A total of 991 patients, 18 years old and over with cSSSIs were enrolled in the trials. Patients were treated for 10 to 14 days with either 0.8 mg/kg iclaprim or 600 mg linezolid, both administered intravenously twice daily and analyzed based on populations, including intent-to-treat (ITT), modified intent-to-treat (MITT), per protocol (PP) and modified clinical evaluable (MCE).
-- The ITT population included all patients who received at least one dose of medication;
-- The MITT population included all patients in the ITT population who had an infecting Gram-positive pathogen isolated at baseline;
-- The PP population excludes all patients with any protocol violation; and
-- The MCE population was the same as the PP population, but adding back clinically evaluable patients whose protocol violation was use of additional systemic or topical prohibited antibiotics or high-dose steroids registered as clinical failures.
The causative pathogen distribution in the study population was well-balanced between treatment groups with Staphylococcus aureus (S. aureus) as the predominant pathogen isolated at baseline (76.5 percent for iclaprim and 81.1 percent for linezolid), of which 40 percent of isolates were MRSA.
Patients were evaluated daily for the first four days and then every other day thereafter during the treatment period, at the end of therapy, at the test-of-cure (TOC) visit (7 to 14 days post treatment) and at a late follow-up visit 7 to 14 days after the TOC visit. The primary endpoint was the comparative clinical cure rates of iclaprim and linezolid at the TOC visit in the ITT and PP populations.

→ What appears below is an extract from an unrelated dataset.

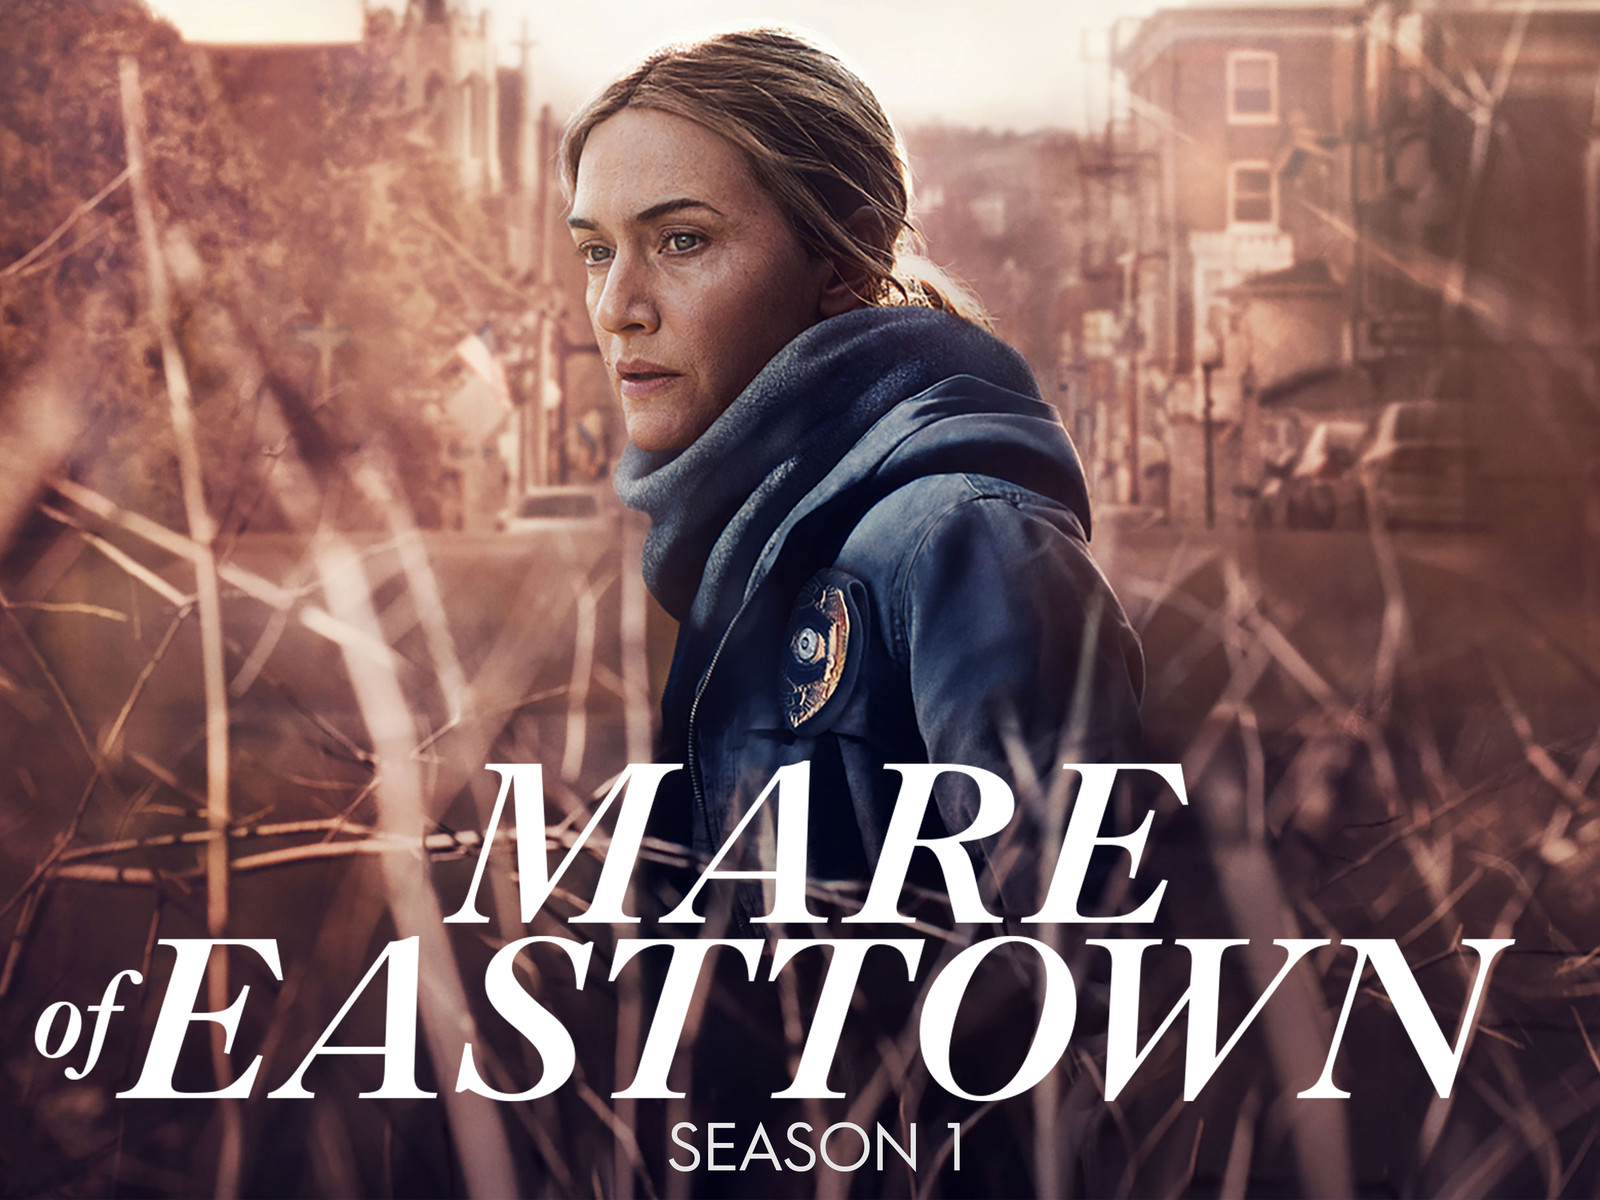 Hbo Mare Of Easttown Wallpapers

The most commonly reported adverse events in the clinical studies were: gastrointestinal disorders (7.4 percent versus 10.4 percent for iclaprim and linezolid, respectively); general disorders and administration site conditions (4.2 percent versus 3.9 percent); nervous system disorders (4.8 percent versus 6.5 percent); and skin and subcutaneous tissue disorders (4.2 percent versus 4.5 percent).